# Fox or Faux news?



## Plainsman (Jul 30, 2003)

Remember the ultra liberals we have had on here called Fox news Faux news, even though they had the highest rating of any network. One who couldn't take capitalism recently moved to Canada so he could mooch off them.  Now Fox News has more people watching than the other networks combined. Still the ultra liberals will get their news from places like the Huffington Report. I guess if your missing a Y chromosome they may be appealing. 
Anyway, since they can no longer argue the popularity of Fox News they have found a new way to attack. They say Fox News is popular because they hired bimbos with no brains, but eye candy. Below is a description of their qualifications.

So when we had a guy who called himself Militant Tiger we still use his name. That's why one must be careful how you choose your screen name. People will always use it. Who was that other liberal who said I couldn't use his name? Oh, I think he used initials because they were all capitols and spaced. What was it again R Y A N? :rollin: :rollin: :rollin:



> Yes, and most of them are good looking. Most of them at one time or another worked for one of the other 'Lamestream' media networks, but bailed as soon as possible when their contracts expired.
> 
> The Dumb Girls of Fox News
> 
> ...


----------



## blhunter3 (May 5, 2007)

I thought liberals didn't like to objectify women? Yet they do it, when it suits their needs....


----------



## blhunter3 (May 5, 2007)

http://dailycaller.com/2013/12/08/liber ... out-women/


----------



## Plainsman (Jul 30, 2003)

blhunter3 I'm going to get into trouble here not being politically correct. I couldn't finish reading that article because I hit a spot that tripped my funny trigger.
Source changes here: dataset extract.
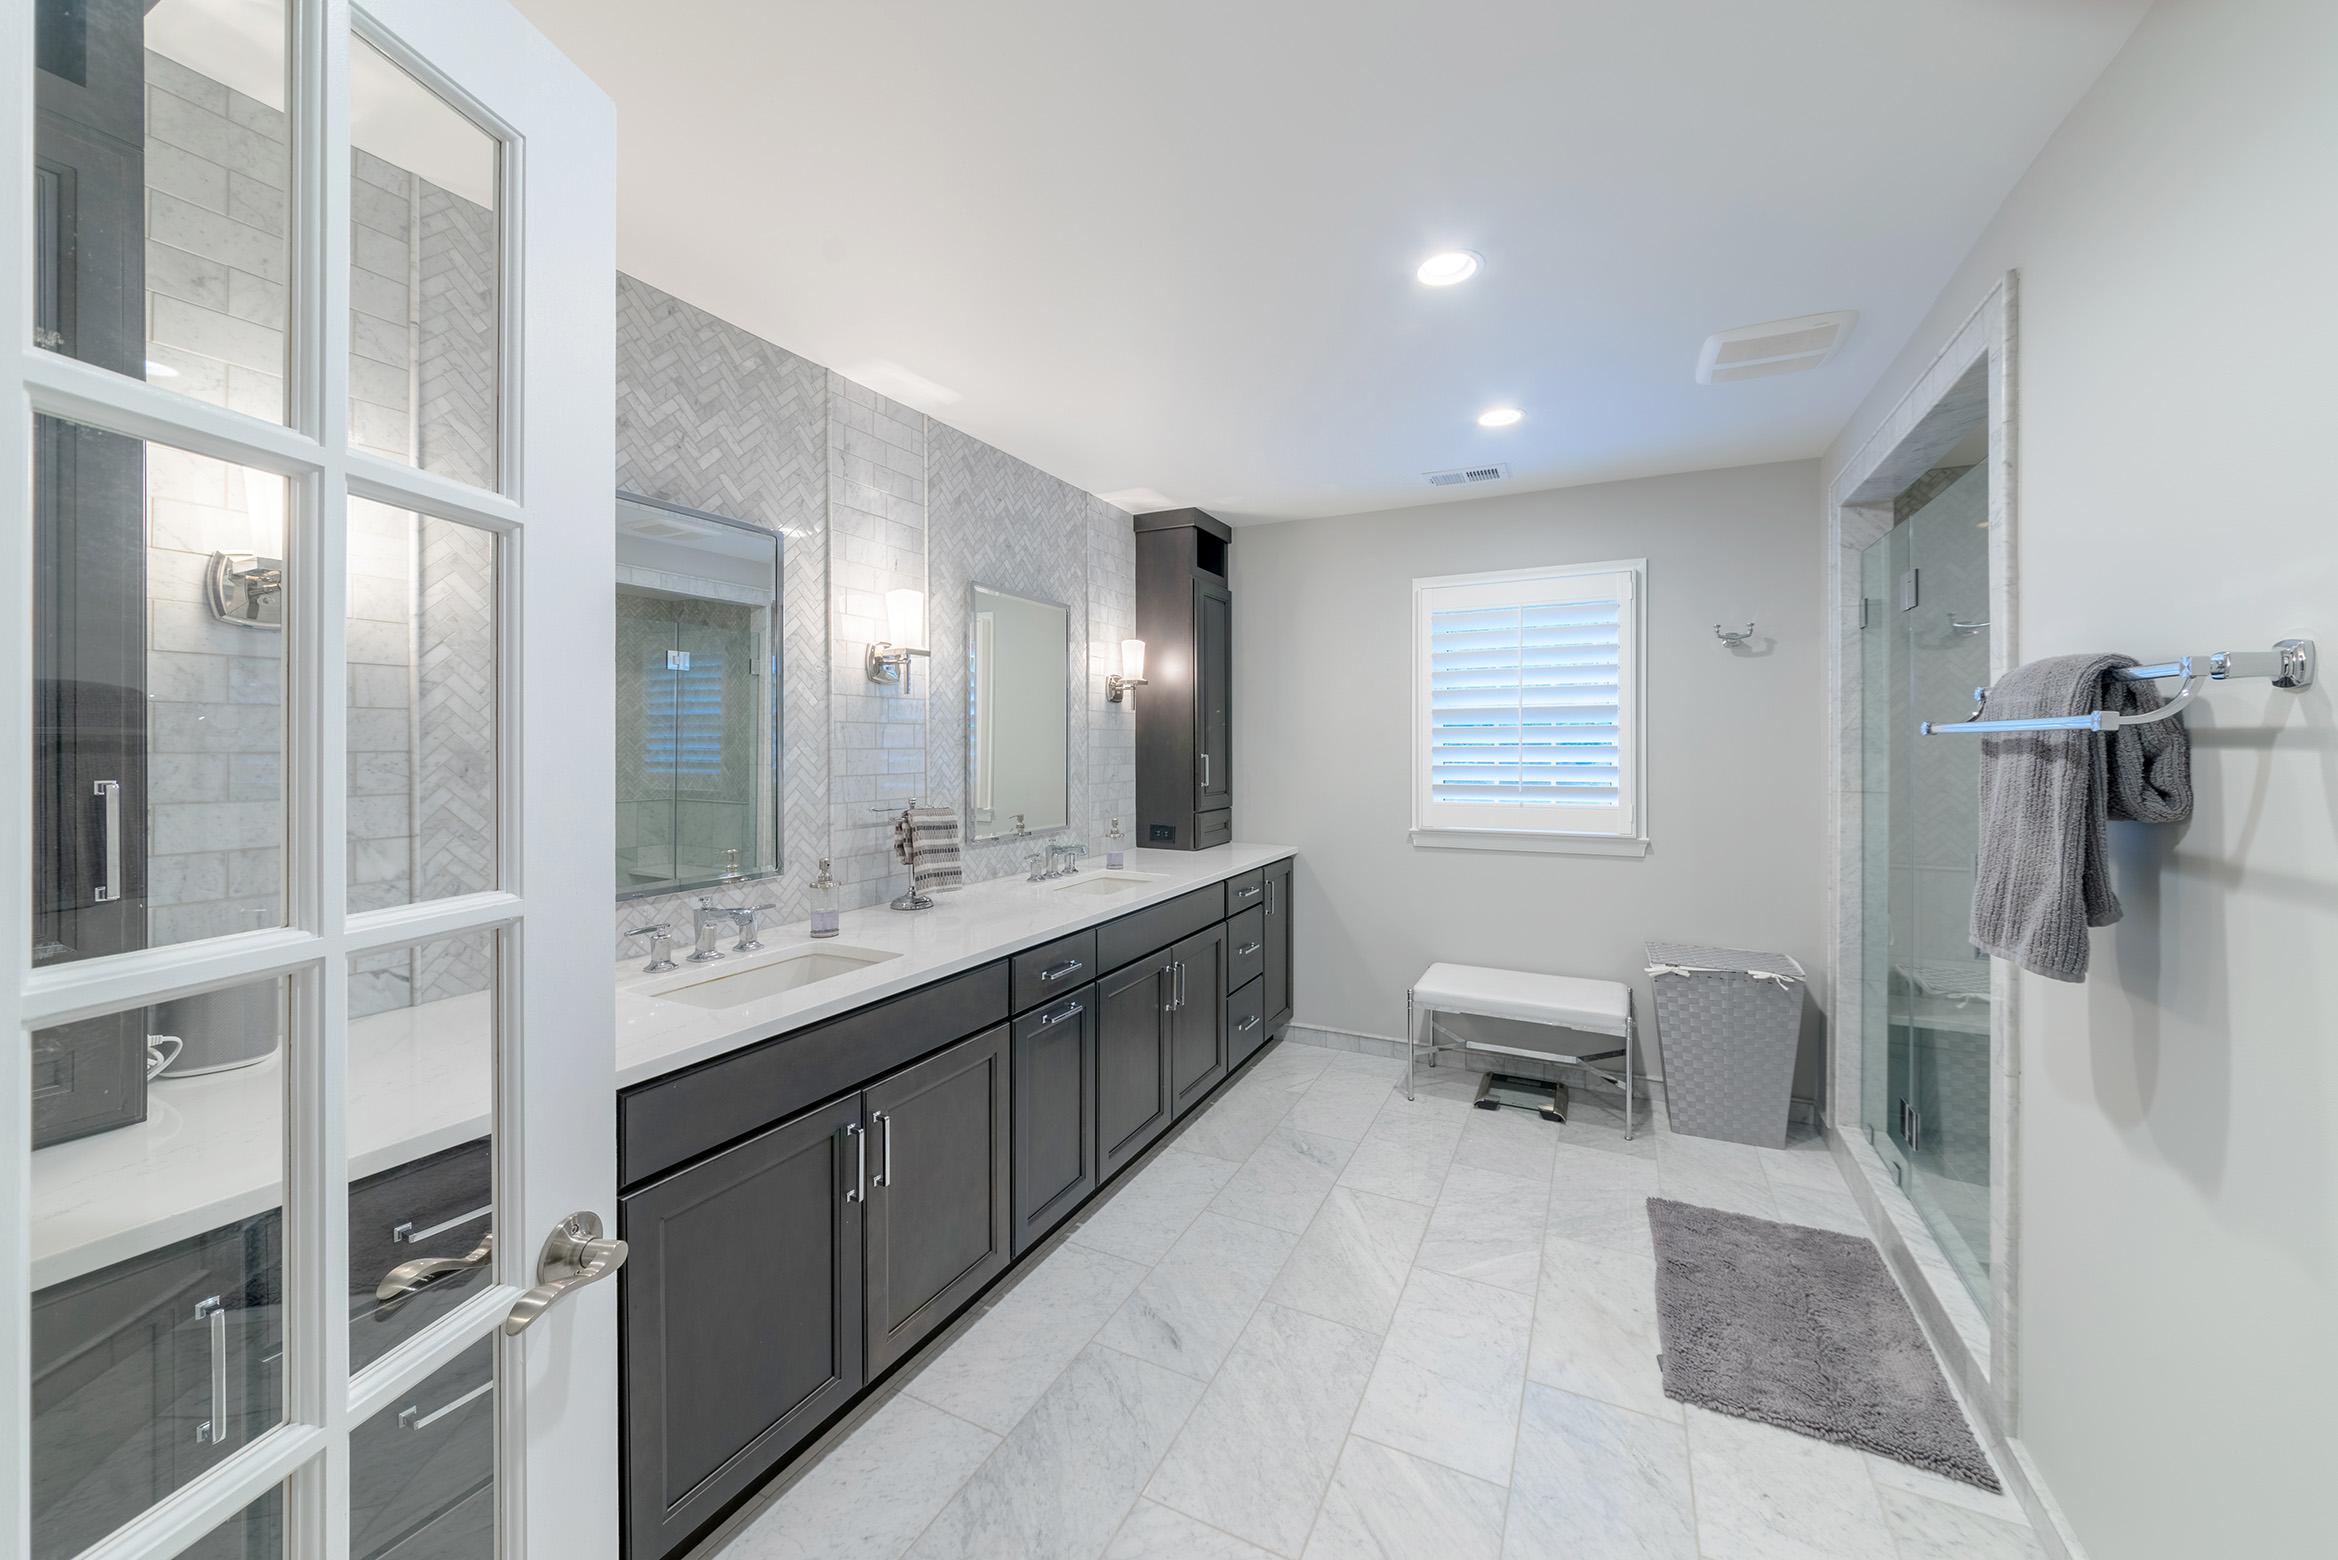 bathroom remodeling northern virginia,bathroom renovation,bathroom design, nothern virginia bathroom design, home remodeling bathroom, luxury bathroom, home bathroom renovation

When it said that they found men focusing more on chest and waist instead of face all I could think of was "lucky for some of those liberal bow wows". Have you seen the face on some of those liberal activist women? Their mothers must have tied a pork chop around their neck to get the dog to play with them :rollin: I don't want to see any part of them. Come to think of it burkas aren't that bad.


----------



## blhunter3 (May 5, 2007)

That or they swan dove off the ugly tree and face planted into ever branch on the way down. :rollin:

If your boobs are hanging out of course guys are doing to notice. If a get were to wear them yoga pants girls would stare at their crotch. :laugh:


----------



## Plainsman (Jul 30, 2003)

I got an email today with a perspective worthy consideration.
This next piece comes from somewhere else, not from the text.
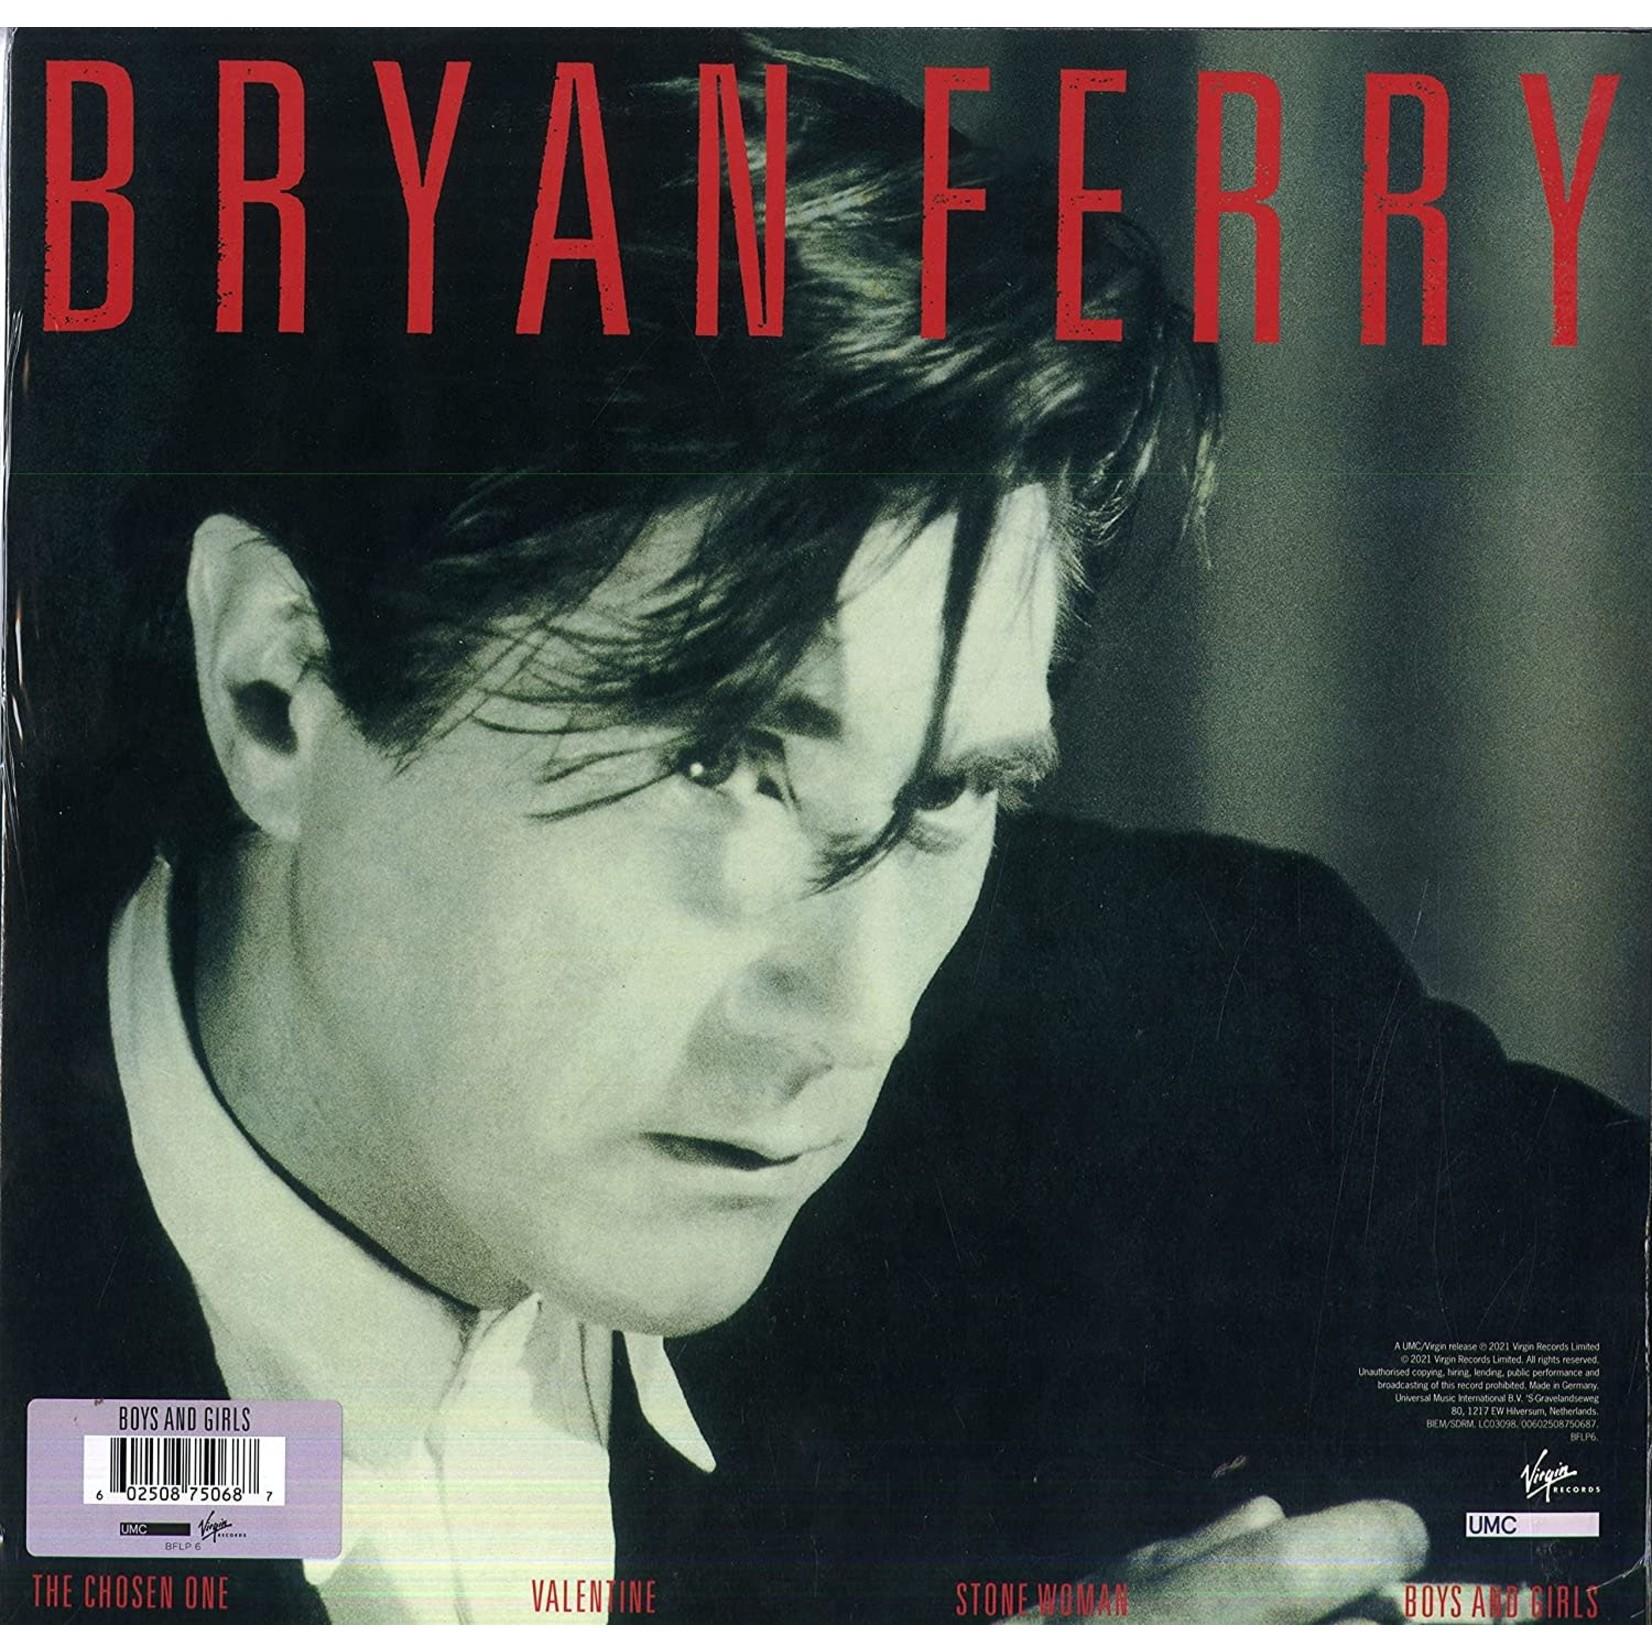 BRYAN FERRY BOYS AND GIRLS (LP)

> "The media is no longer informative, it is conformative. It is not interested in broadcasting events unless it can also script them. It does not want to know what you think, it wants to tell you what to think. The [true] consensus is the voice of the people and the Mediacrats are cutting its throat, dumping its body in a back alley and turning democracy into their own puppet show."
> 
> snip---
> 
> ...


----------